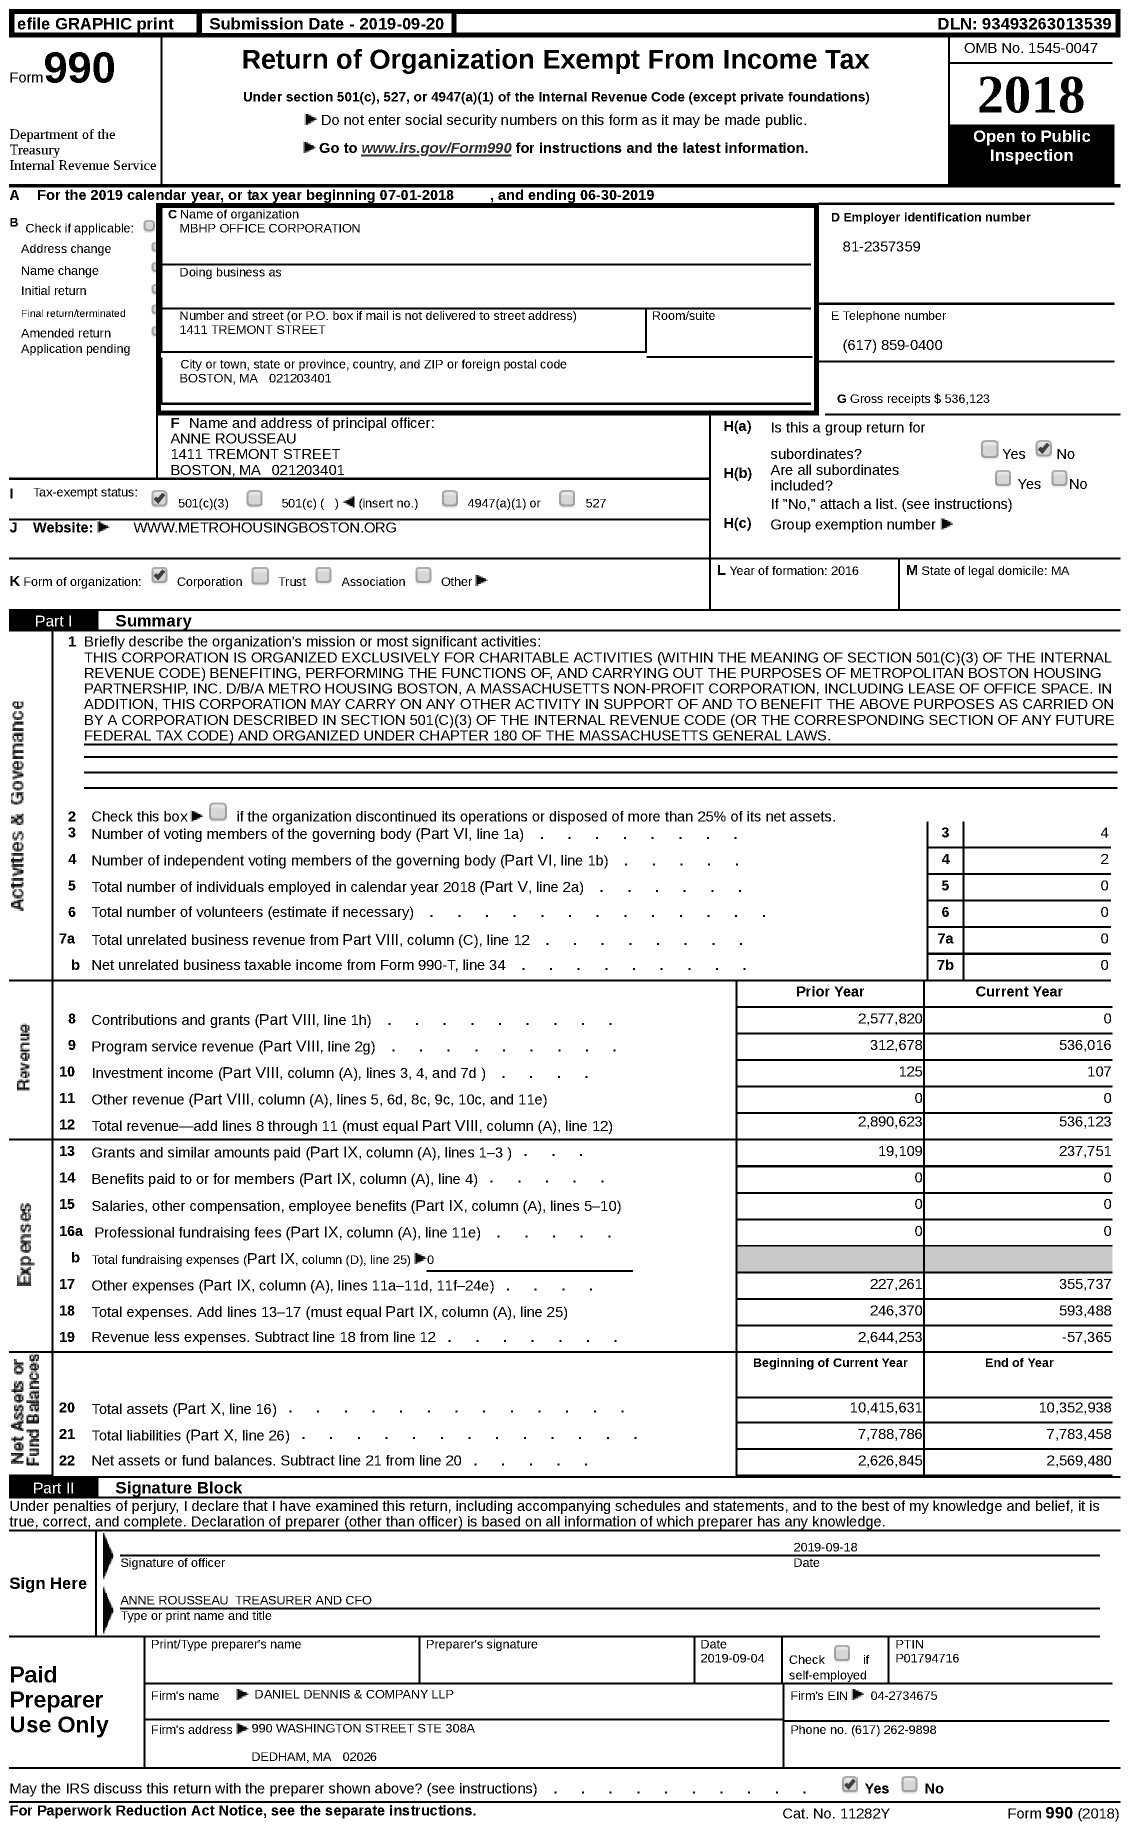 Image of first page of 2018 Form 990 for MBHP Office Corporation
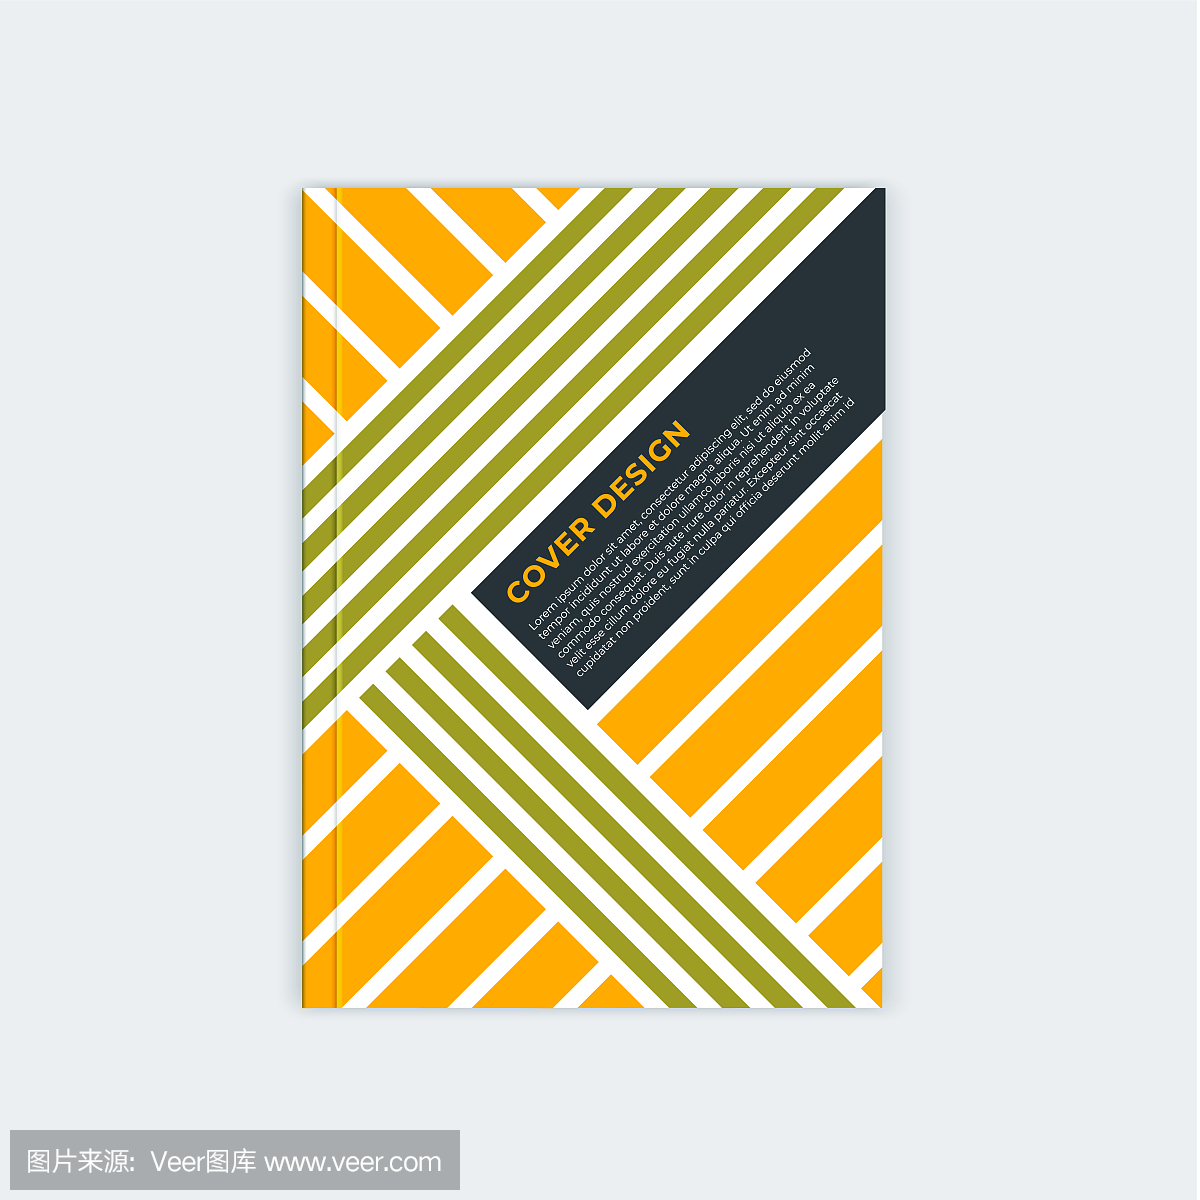 Minimalistic brochure template design. Flyer, booklet, annual report cover template. Modern diagonal abstract stripes. Place under the heading and text.
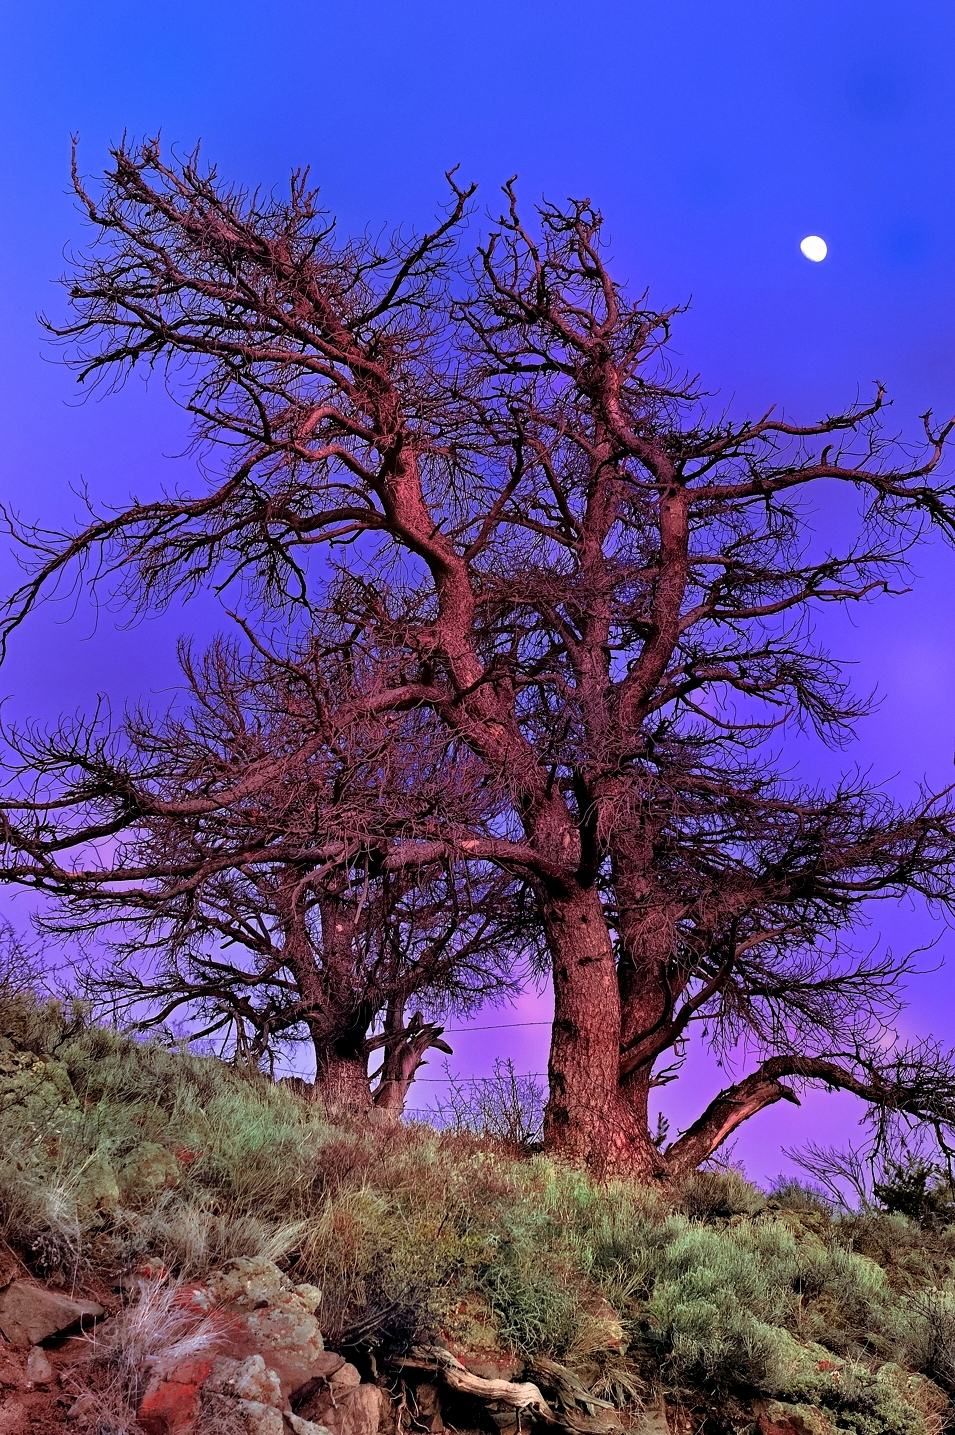 Magical Moonlight Over Lost Rocky Mountain Pine
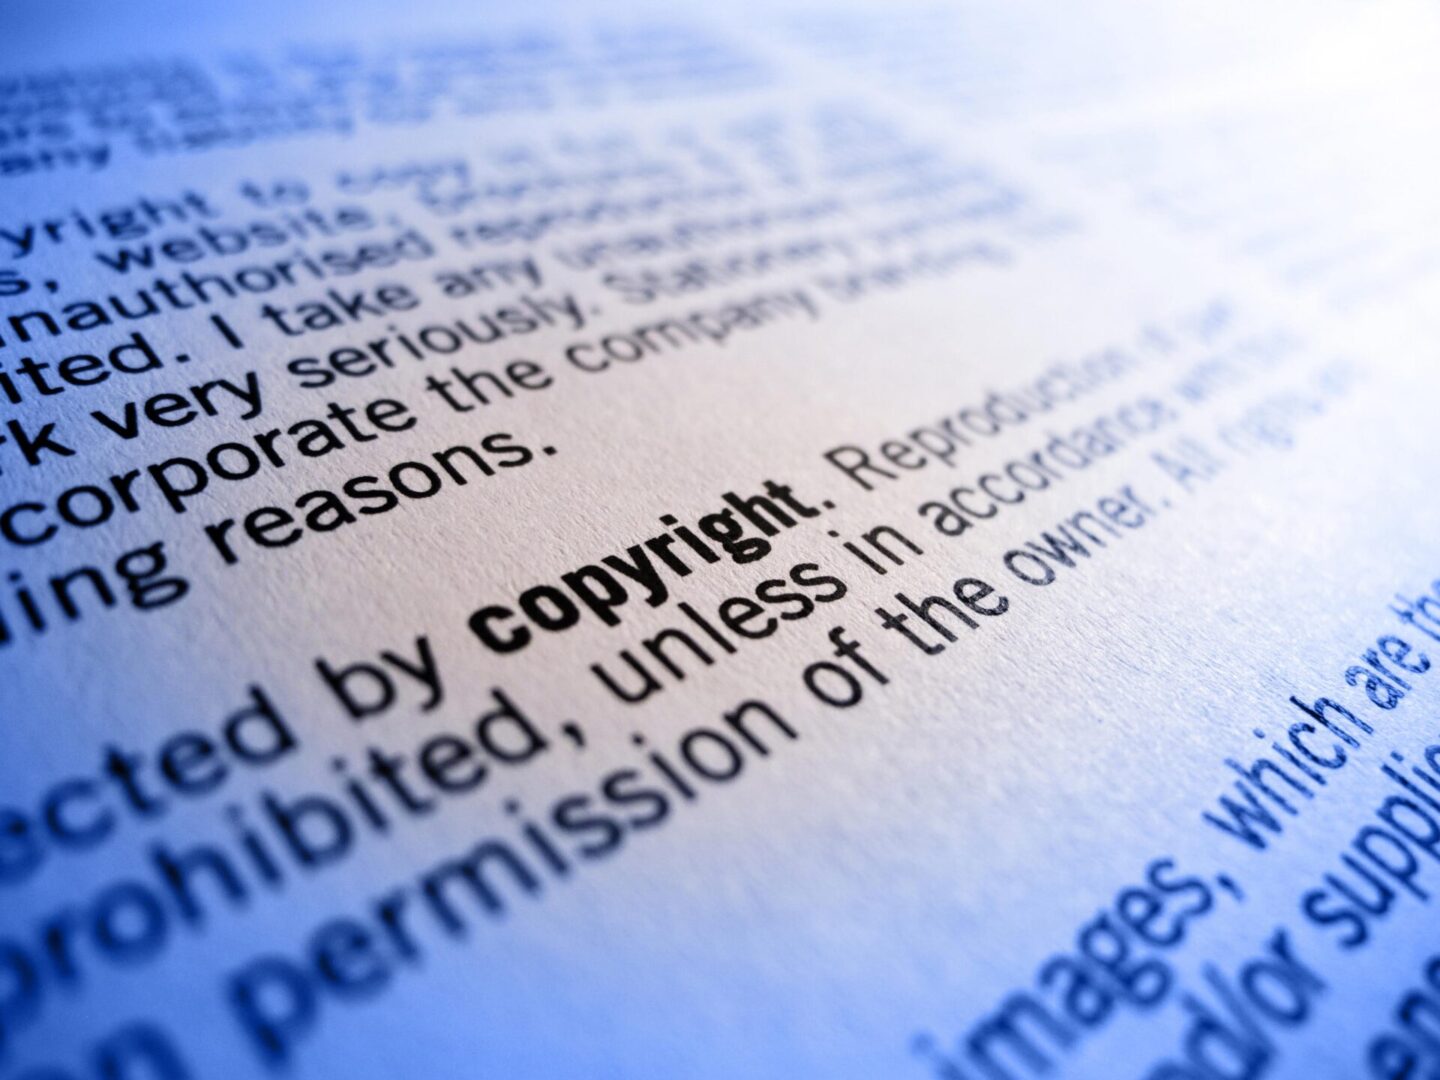 focus on  the word copyright in an agreement or treaty

++++++++++

**Activity**: Leaving the pictures out, output all of the listing exactly.

**Result of the task**:
 Image of first page of 2018 Form 990 for MBHP Office Corporation
 Minimalistic brochure template design. Flyer, booklet, annual report cover template. Modern diagonal abstract stripes. Place under the heading and text.
 Magical Moonlight Over Lost Rocky Mountain Pine
 focus on  the word copyright in an agreement or treaty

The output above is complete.